L’assistance acclame chaleureusement ce discours, que le Roi a prononcé d’une voix forte. Puis le Souverain exprime le désir de se voir présenter Camille Lemonnier. Courtes congratulations, et, au moment où l’on va s’asseoir pour écouter les conférenciers, un incident charmant se produit.

La place d’Emile Verhaeren est à la gauche de la Reine, tandis que le Ministre est à la droite du Roi.
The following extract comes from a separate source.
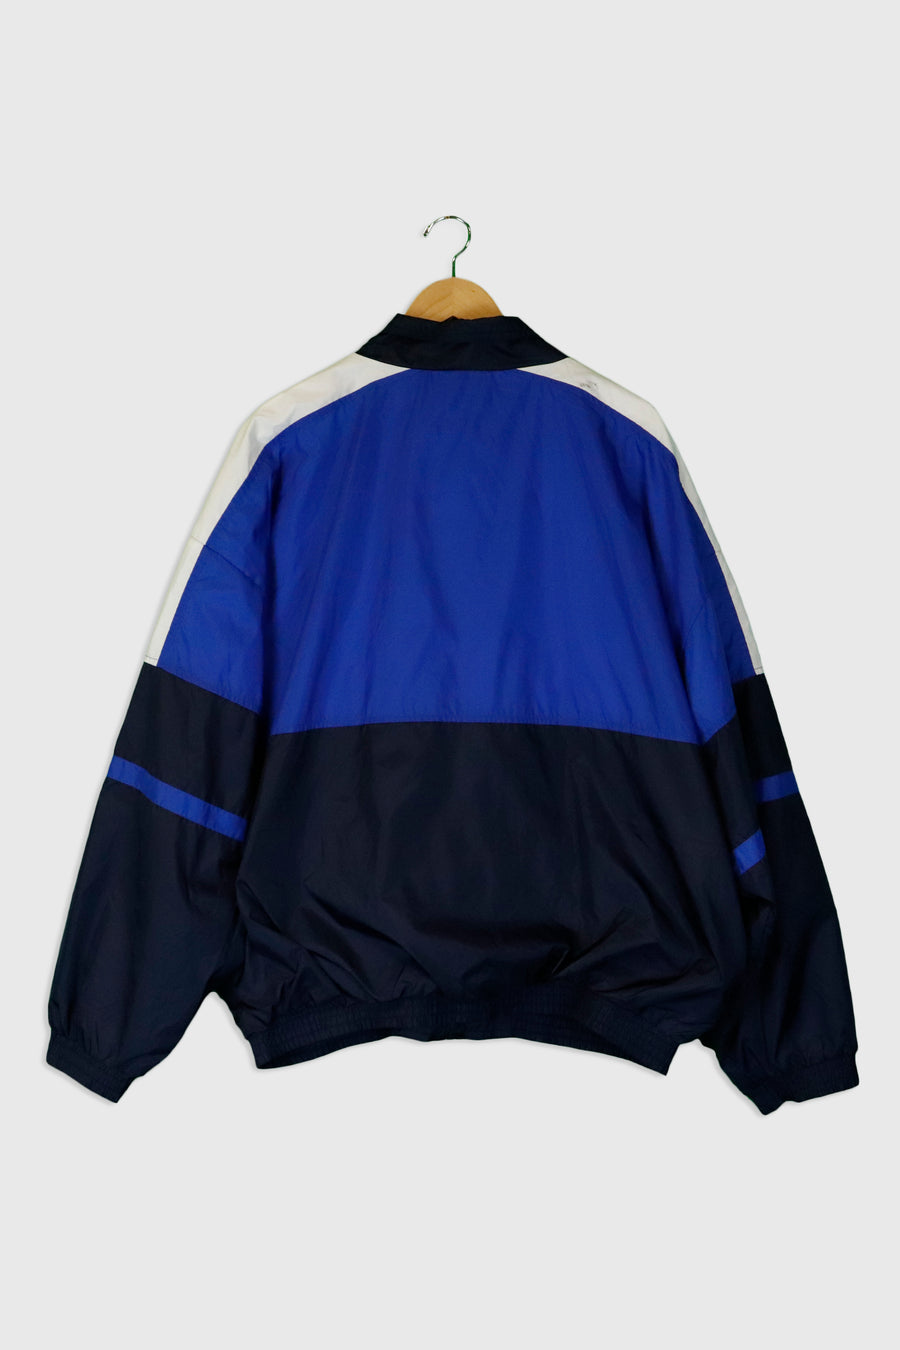 Vintage Reebok Full Zip Multi Colour Lined Jacket Sz XL
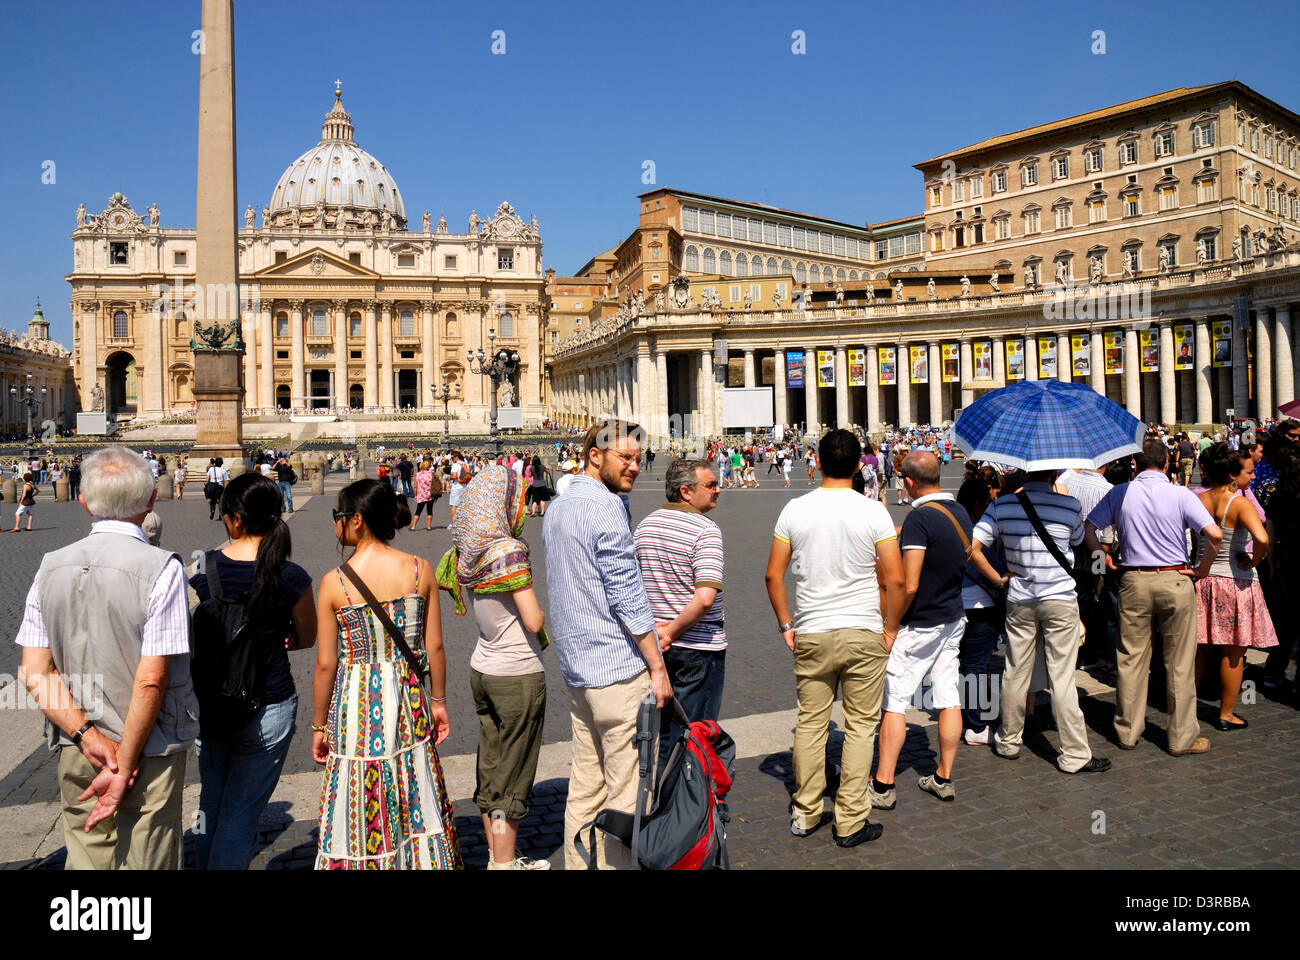 Une grande foule l'attente pour visiter les Musées du Vatican, le 18 juin 2011 à Rome, Italie Banque D'Images

Le poète, s’adressant à Camille Lemonnier, lui dit : « C’est ta place, tu es mon aîné. »

Et c’est le brillant écrivain qui se place à côté de notre jeune et charmante Souveraine.

Edmond Picard, prenant ensuite la parole, remercie tout d’abord le Roi et la Reine, caractérise leur présence comme une manifestation de fierté patriotique en l’honneur des lettres, puis continue par une conférence très applaudie.